For fans of Lovecraft, "The Dream-Quest" is notable because it is, as far as I can recall, as close as Lovecraft actually gets to writing something Dunsanian. This is Lovecraft writing world-building fluff - detailing the geographies and potentates of the dreamlands, as well as the alliances and eating habits of the various monsters. And given his boundless creativity, that really is a lot of fun - from moon-beasts to zoogs, Celephais to Ngranek, this is a story crammed with details of the fabulous and fantastic. Whereas his (proper) horror emphasises the unknowable, "The Dream-Quest" is, although still occasionally symbolic, infinitely more effable.

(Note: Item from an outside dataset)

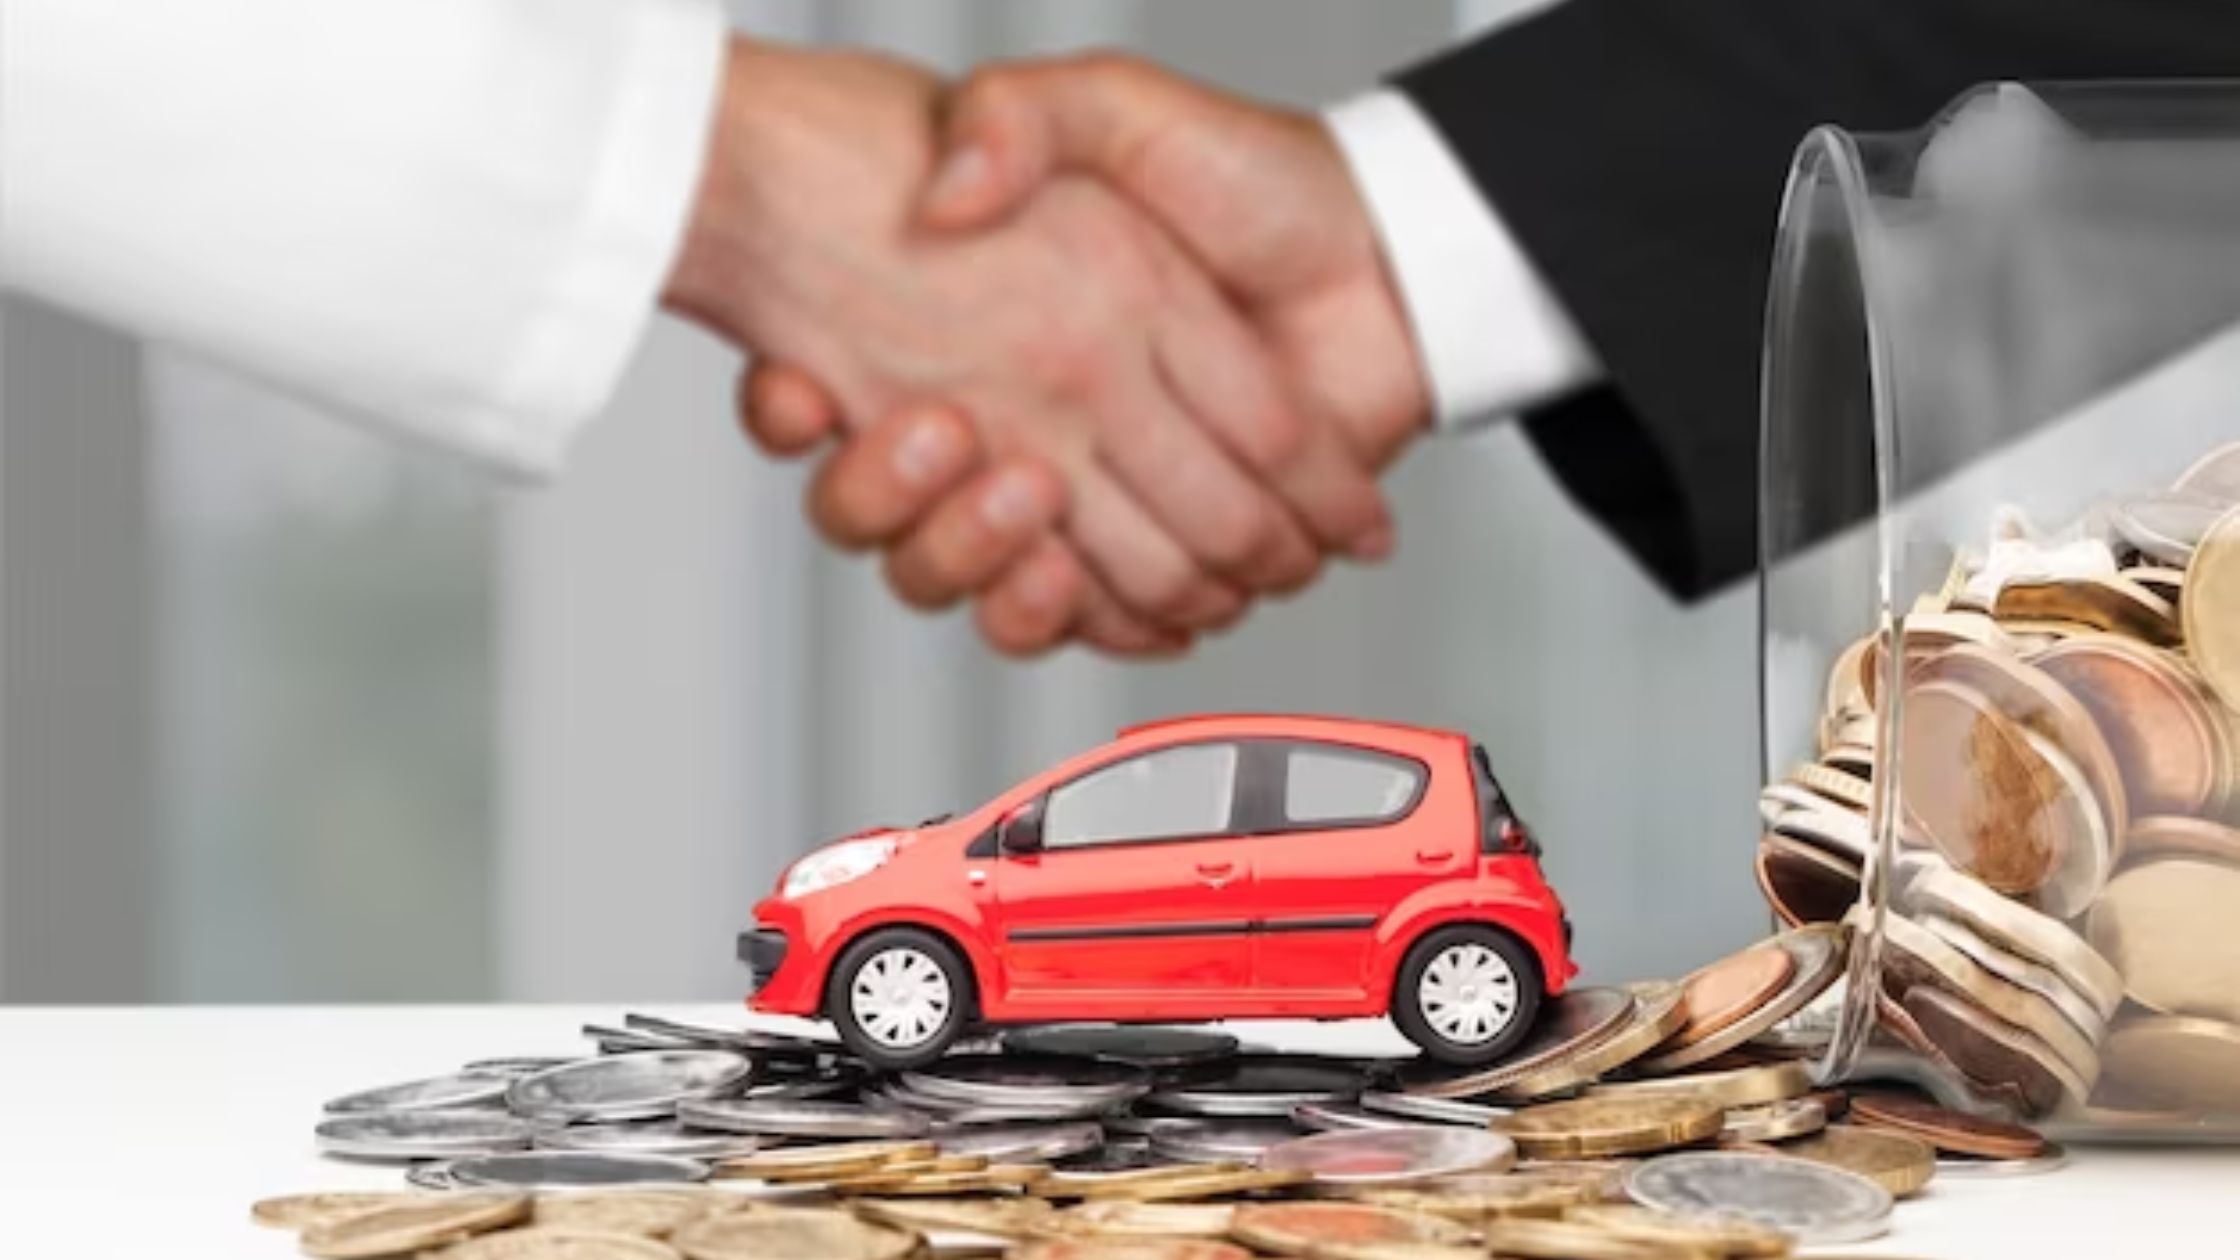 trustworthy car financing for business
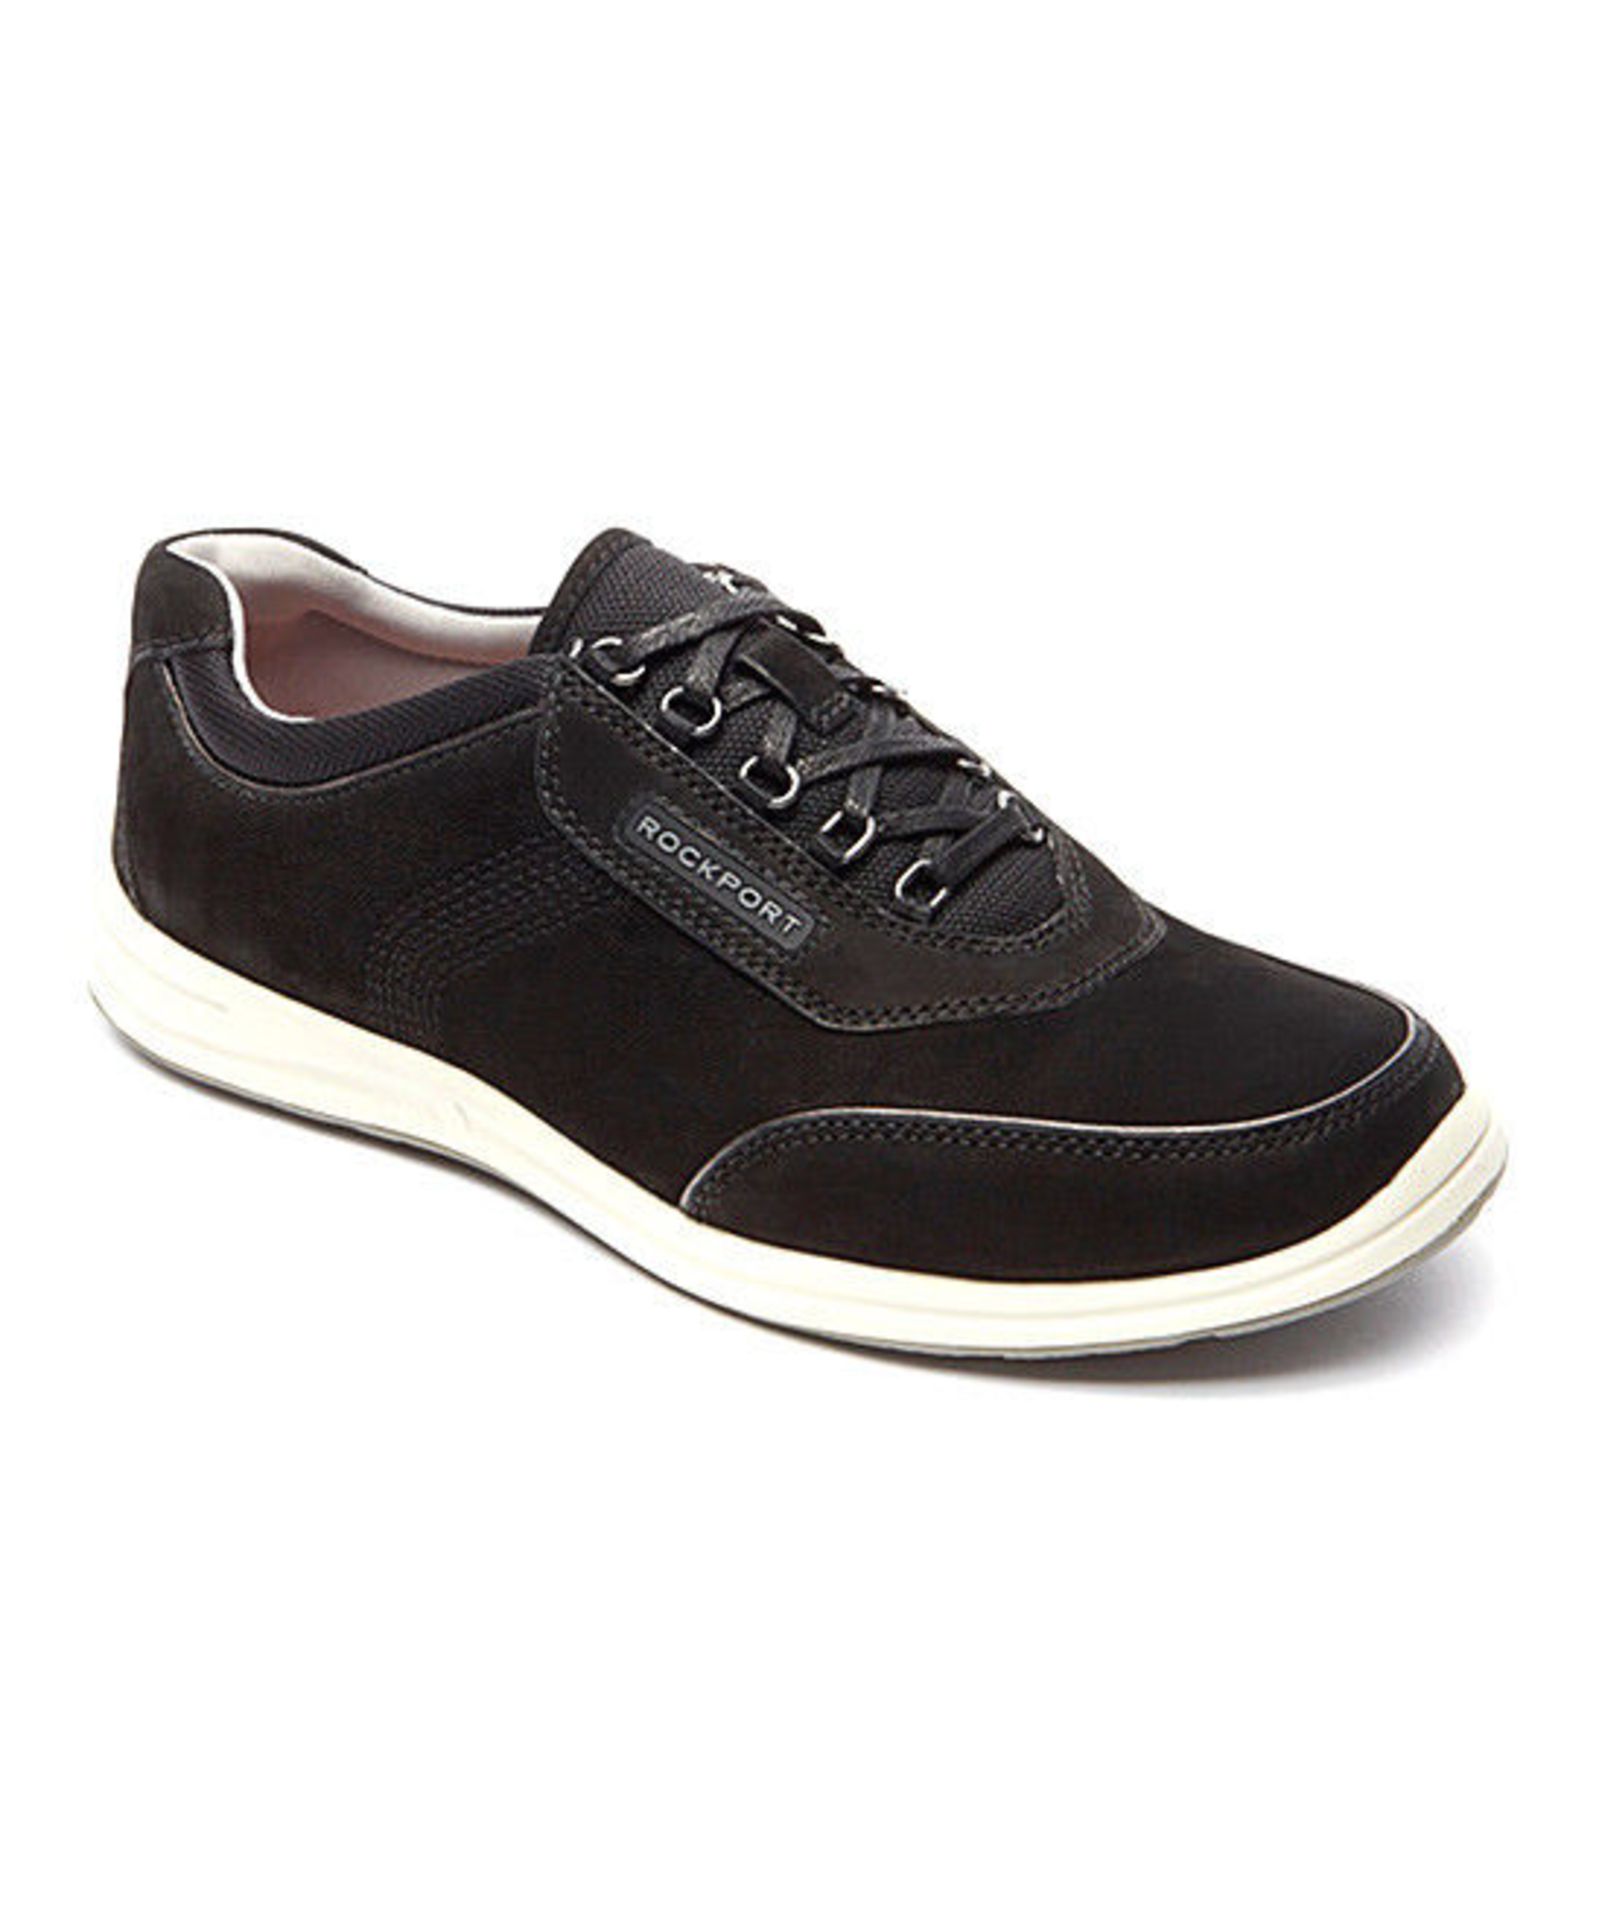 Rockport Black Wingtip Mudguard Nubuck Leather Sneaker (Uk Size 6.5:Us Size 9) (New with box) [

Enter INJ Culbard, who takes this rambling, rhapsodic and repetitive jaunt through time and space and gives it that final dimension it needs: progress. Mr Culbard's editorial work is impressive, as he gives the story a pace that it lacks, as well as a sense of finality. He emphasises the escalation of the quest, so even as Carter returns to the same place over and over again, each time it feels like the stakes are rising further and further. Mr Culbard's art helps generate much-needed dramatic tension: he captures the brightness and joy of the shining cities and dreaming landscapes, as well as the bleakness and horror of the mysterious woods and the beasts within (including an encounter with an avatar of Nyarlathotep - 'the priest in the silk mask', who Culbard cleverly reinterprets as the King in Yellow). His work freely plays with layouts, emphasising the action and occasionally giving way to a two-page spread of truly epic stature.
If I'm underwhelmed by the original "Dream-Quest", that merely raises my appreciation of this new adaptation. Whereas the original was baroque and (frankly) silly, Mr Culbard's interpretation keeps the creativity and the vision, but also infuses it with a sense of purpose. The novella, despite its flaws, was always an impressive piece of craft - but with this new edition, it has become an excellent story as well. It has been a delight reading INJ Culbard's interpretations of Lovecraft's more famous works, but this book, given the trickier source material, may be his most ambitious and successful yet.